I have always found the political decision making power of the Late Night Show hosts in the US mesmerizing. From the days of Johnny Carson into the current worlds of David Letterman, Jay Leno, Conan O’Brien, Jimmy Fallon and Jimmy Kimmel, these guys made and broke presidents.

Two years ago they were all pushing for the change promise of Obama.  With the conviction of first time offenders they pushed Obama on a nation that needed a happy marriage of some sort. Eight years of Bush junior had spoiled the goods and even POW John McCain with a last minute surprise called Palin, could not get the sympathy of the warlord comedians of late night television.

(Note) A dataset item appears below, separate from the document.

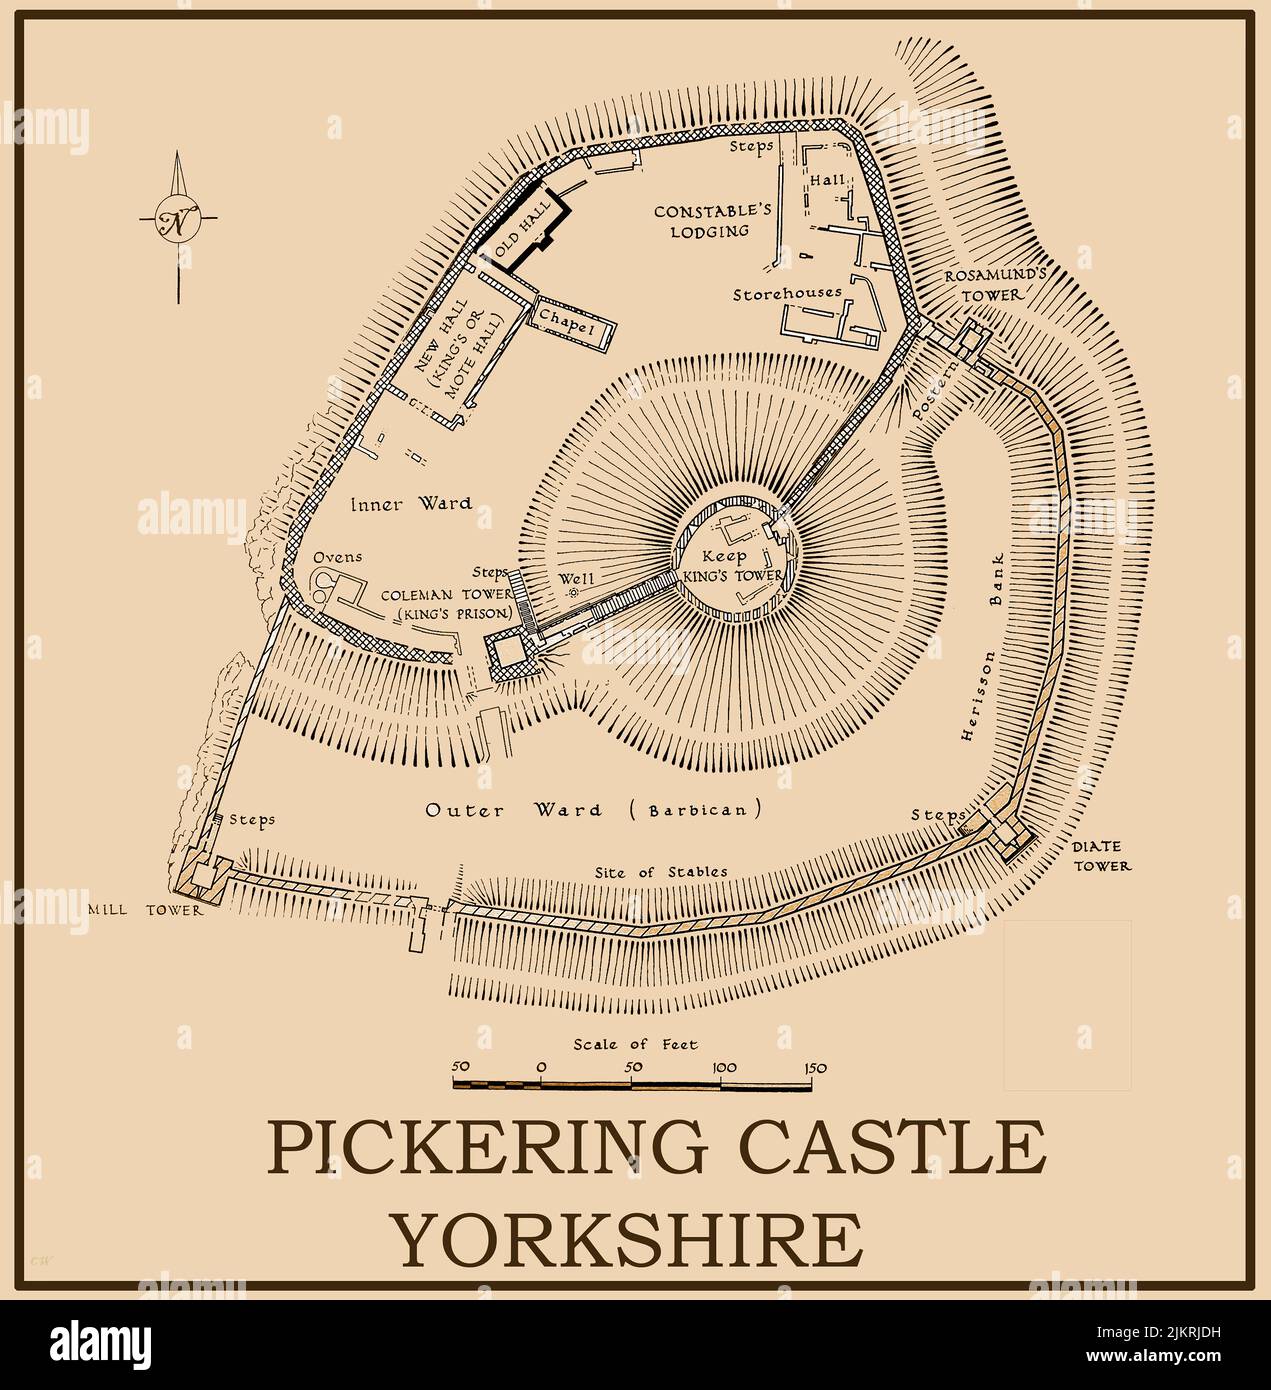 A vintage map or plan of Pickering Castle, Yorkshire, UK. The  motte-and-bailey fortification was preceded by a 12th century timber and earth motte built by the Normans under William the Conqueror  . The stone fortifications date from the 13th century. It was constructed to maintain control of the area after the Harrying of the North. Stock Photo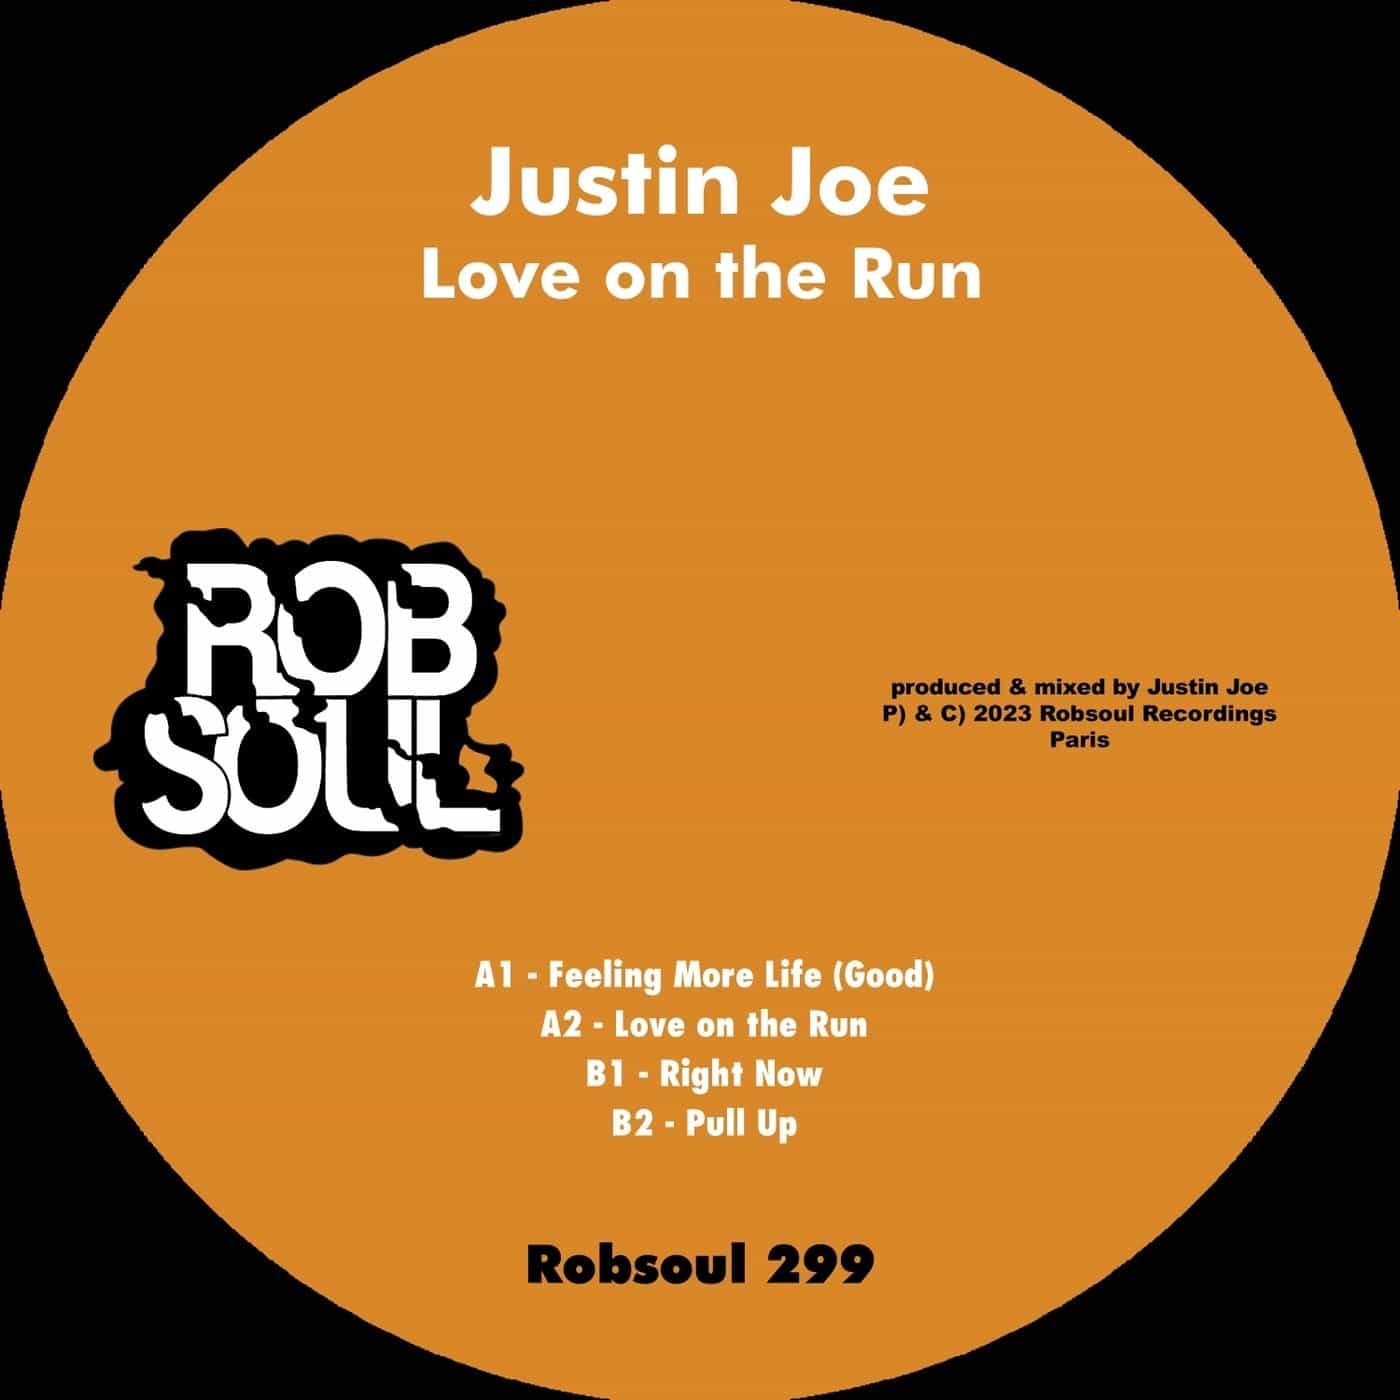 image cover: Justin Joe - Love on the Run / RB299

Now 18 months later, we know that the honeymoon is long over and the knives are on the table when we hear the following intro sketches:

• The liberals are asking us to give Obama time. We agree . . . and think 25 to life would be appropriate. 
–Jay Leno

• America needs Obama-care like Nancy Pelosi needs a Halloween mask. 
–Jay Leno

• Q: Have you heard about McDonald’s’ new Obama Value Meal? 
A: Order anything you like and the guy behind you has to pay for it. 
–Conan O’Brien

• Q: What does Barack Obama call lunch with a convicted felon? 
A: A fund raiser. 
–Jay Leno

• Q: What’s the difference between Obama’s cabinet and a penitentiary? 
A: One is filled with tax evaders, blackmailers and threats to society. The other is for housing prisoners. 
–David Letterman

• Q: If Nancy Pelosi and Obama were on a boat in the middle of the ocean and it started to sink, who would be saved? 
A: America! 
–Jimmy Fallon

• Q: What’s the difference between Obama and his dog, Bo? 
A: Bo has papers. 
–Jimmy Kimmel

• Q: What was the most positive result of the “Cash for Clunkers” program? 
A: It took 95% of the Obama bumper stickers off the road.